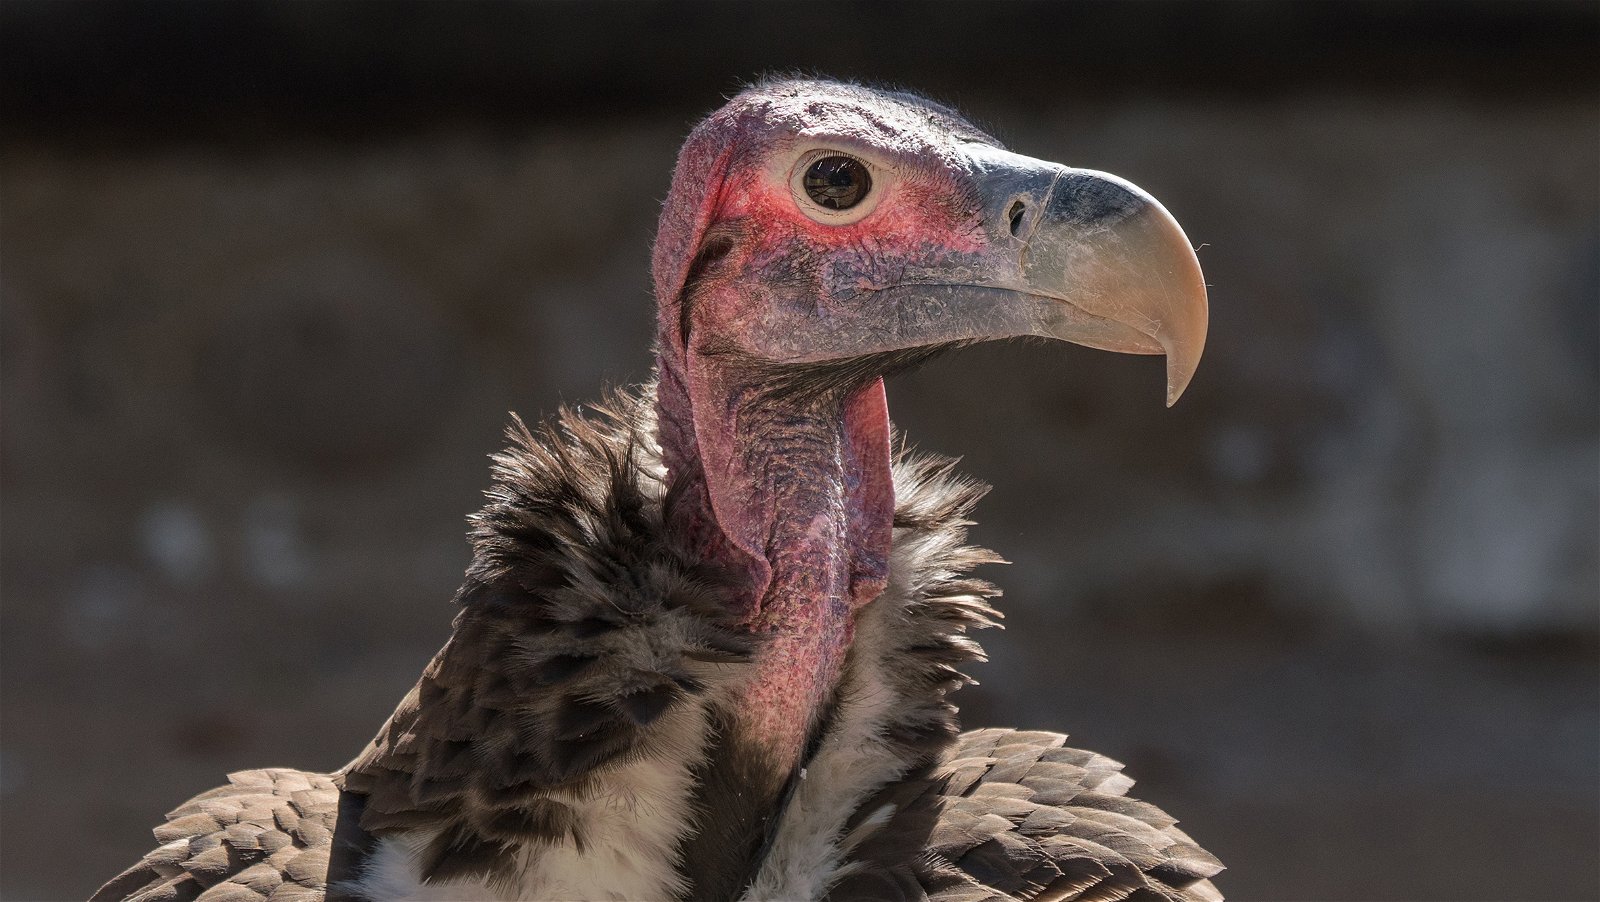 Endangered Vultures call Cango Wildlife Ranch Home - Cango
-----
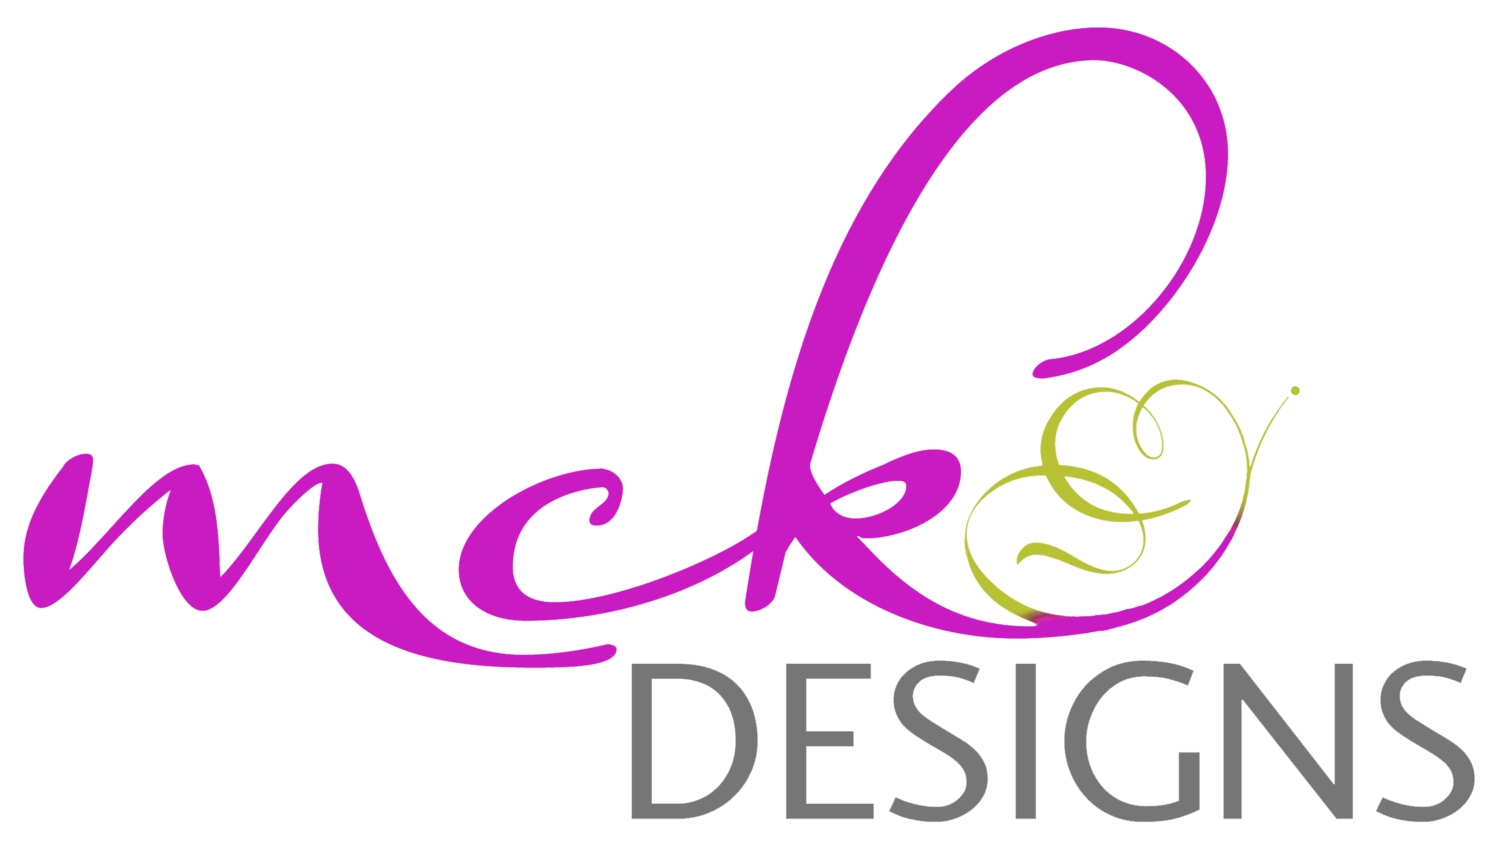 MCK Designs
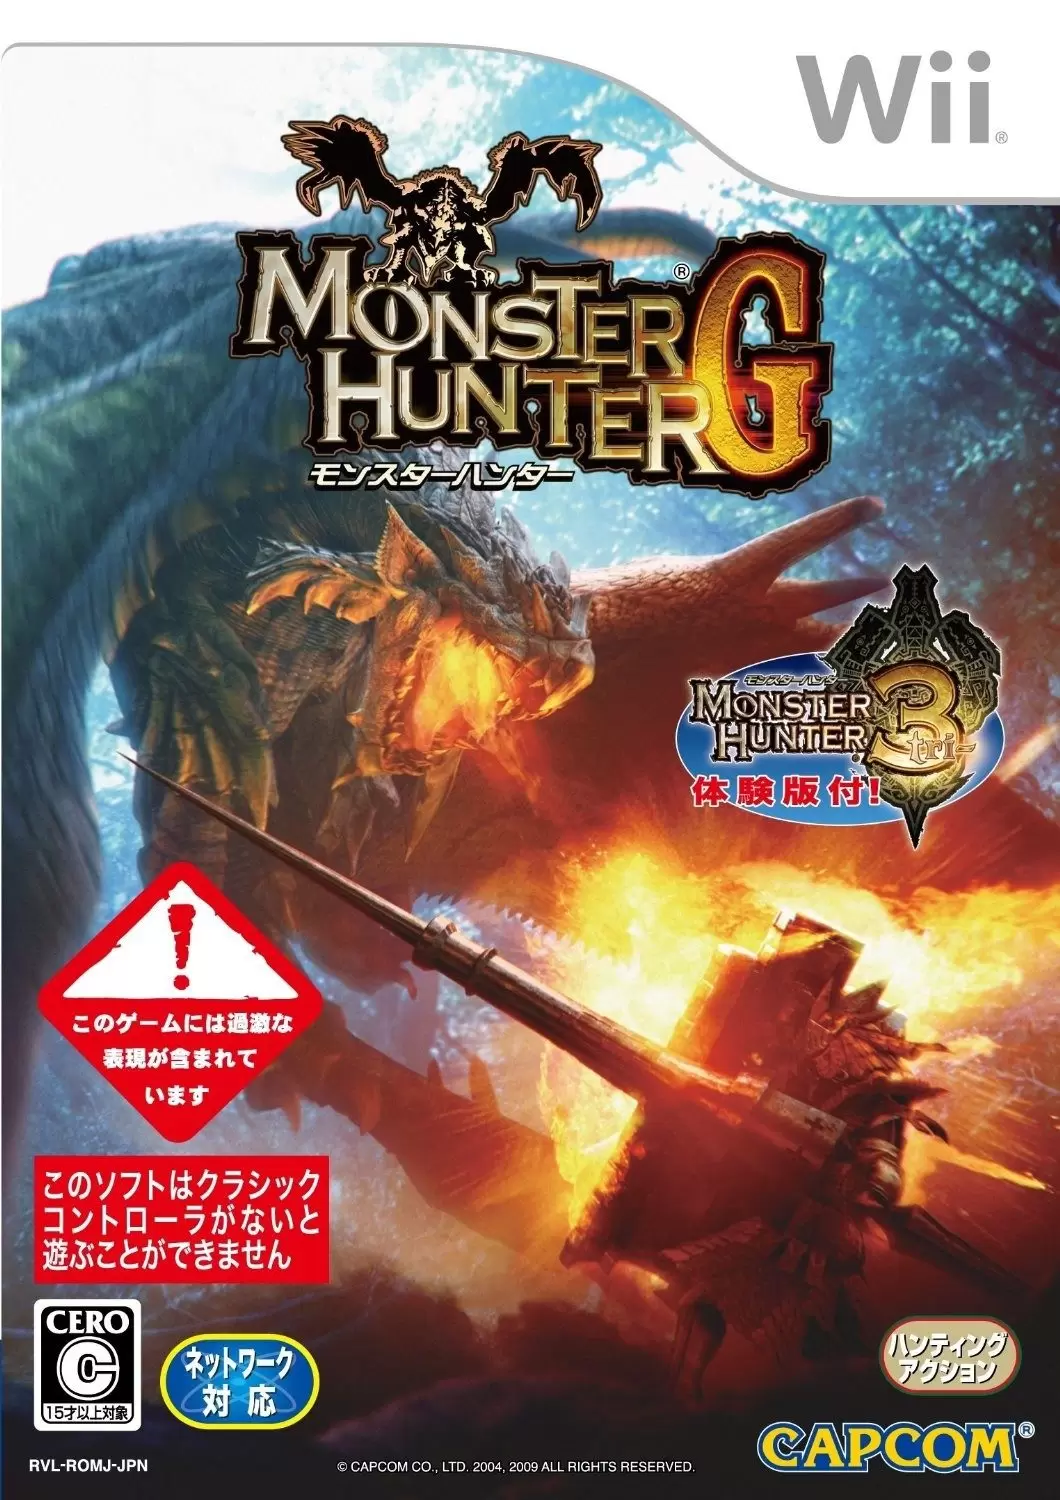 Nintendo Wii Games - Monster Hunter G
-----
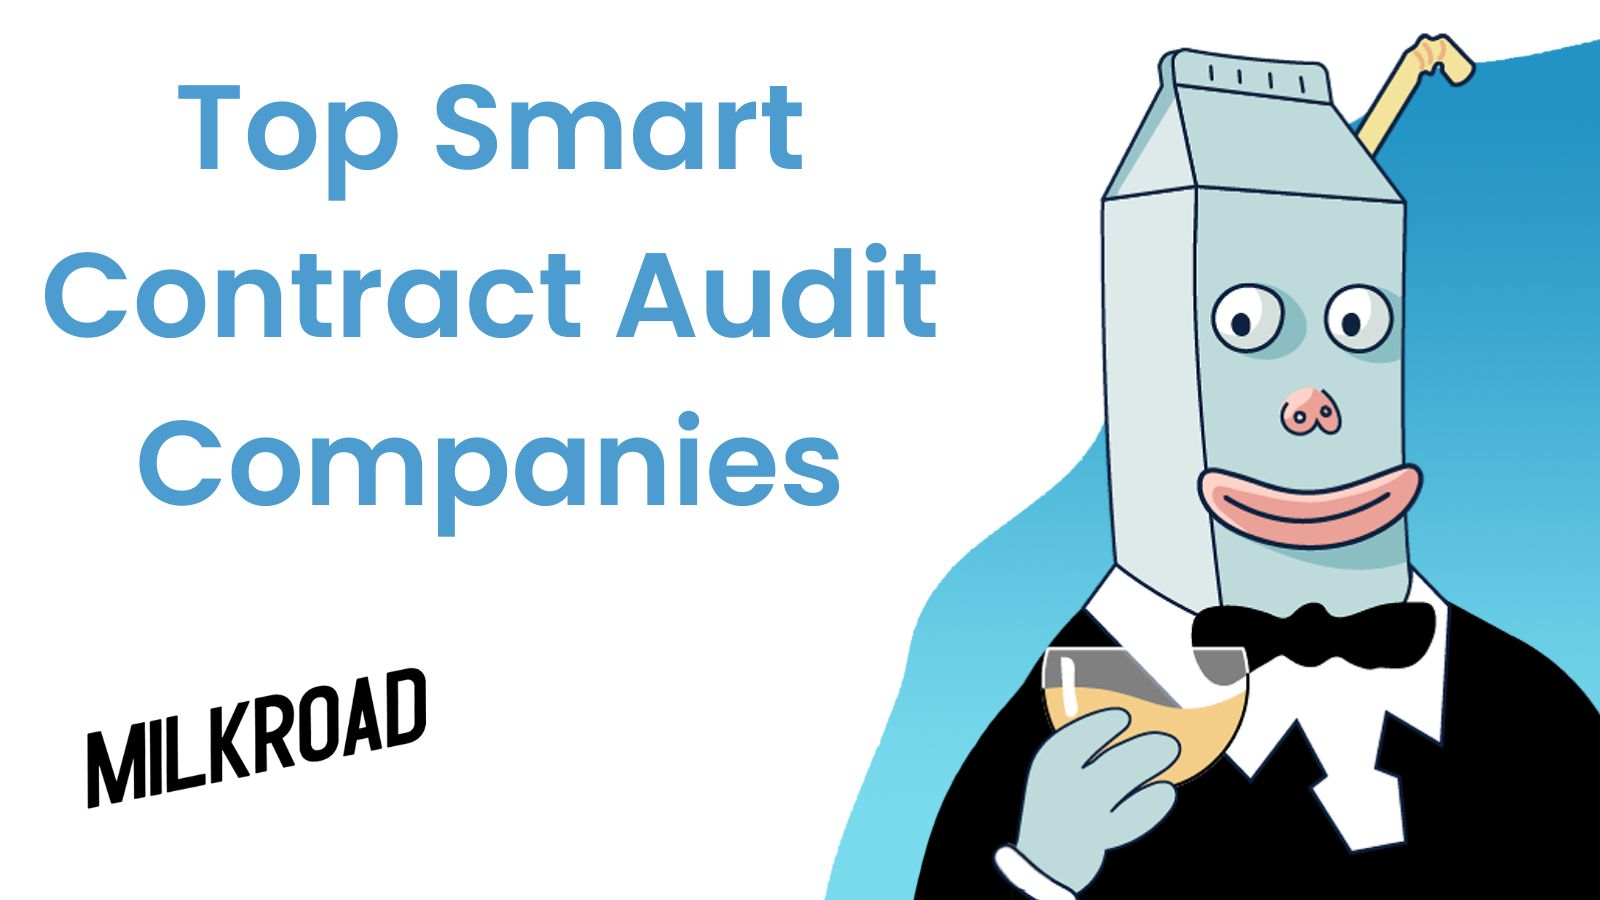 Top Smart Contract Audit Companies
-----
Repeat exactly the lines above, from the line that contains "MCK Designs" down through the line that contains "Nintendo Wii Games - Monster Hunter G". Include both of those lines and none of the pictures.

EXPECTED ANSWER —
 MCK Designs
 Nintendo Wii Games - Monster Hunter G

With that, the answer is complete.